Description: Liqueur prepared with wine brandy, alcohol, aromatic plants and sugar syrup. White colour, very specific aroma and taste, characteristic of the plants that compose it and which are its secret. Presented in clear glass bottles, containing 1 litre, labelled with the name of the product.
Region: Alentejo.
Particularity: Liqueur of white color and specific flavor, slightly anised.

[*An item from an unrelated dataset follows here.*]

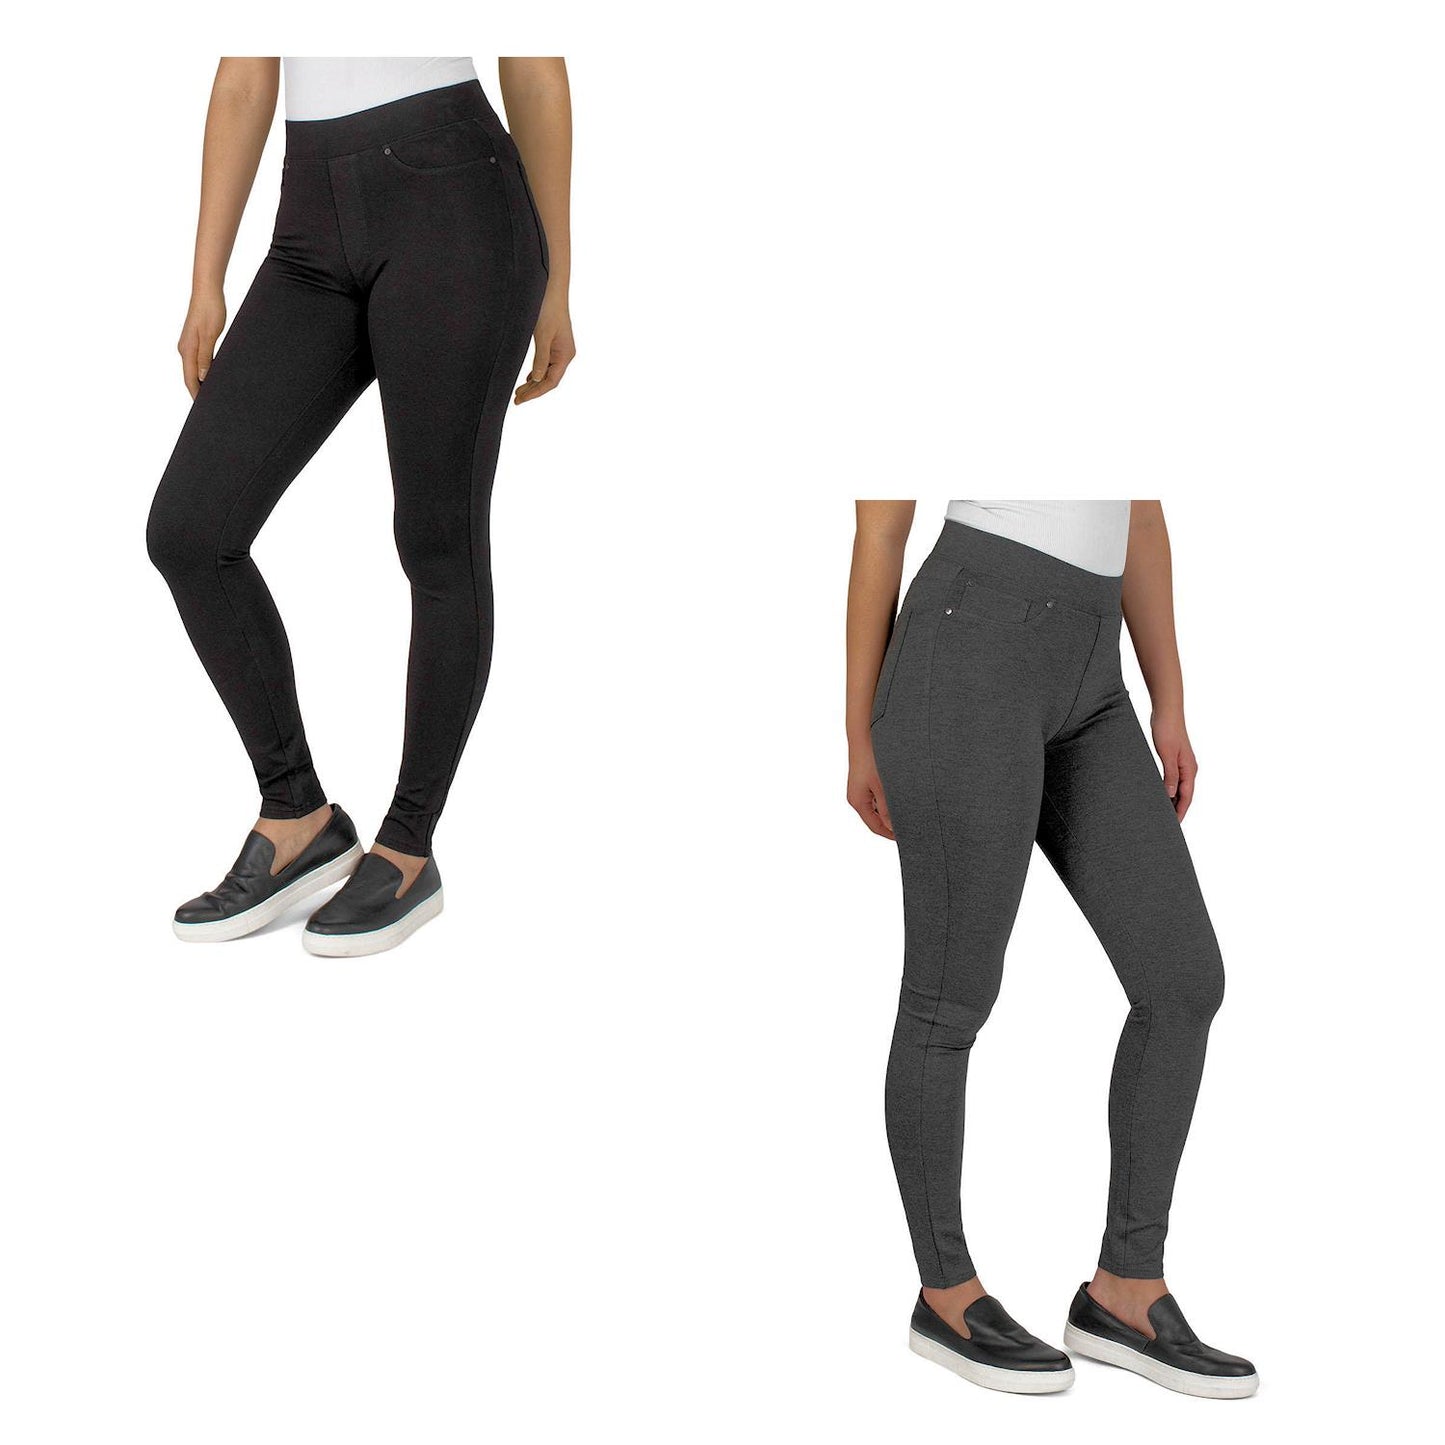 Seven7 Women's Pull On 4-Way Stretch Skinny Fit Ponte Legging Pants Choose Color Size

History: Conceived by Mr. Adelino Marques Brandão, one of the last workers of the factory of the late Fausto Mourão, «father» and manufacturer of the disappeared «Pedrisco» and businessman in the city of Évora in times gone by. «Every Eborense knows (pass the claim) the Fedrisco Liqueur which, in addition to the similarity of flavor and even name, is a substitute for the disappeared "Pedrisco", whose registered and noncommercialized trademark made it impossible to continue this drink after the death of its manufacturer, Fausto Mourão.» Curiously, the «Pedrisco» appeared, it seems, in identical circumstances, as it originated from the famous «Granito», which began to be manufactured around 1882, due to the initiative of a great industrialist from Évora. It was in 1873 that it all began, when the firm Ramos & Carvalho was established in Évora. A few years later, the already appreciated «Granito» won an honorable presence at the Lisbon Agricultural Exhibition, when it was awarded a silver medal, which gave credibility in the country to this great stomach that, according to the Alentejo journalist João Rosa, the friars of the Charterhouse already offered, as an exquisite treat, to the visitors of the convent. Although oral tradition (as cited by Mrs. Ana Mota Vacas) refers these liqueurs to the one previously made by the Capuchin friars of Évora, it was not possible to find written references. The notice granting registration of the trade mark 'Pedrisco' (No 12185) is published in the Government Gazette No 113 of 24 May 1910.
Use: As a digestive, after meals.
Know-how: It is the product of the direct distillation over a mixture of alcohol at 90°, brandy and aromatic plants to which common syrup (water and sugar) is later added. The liquor is then filtered and bottled.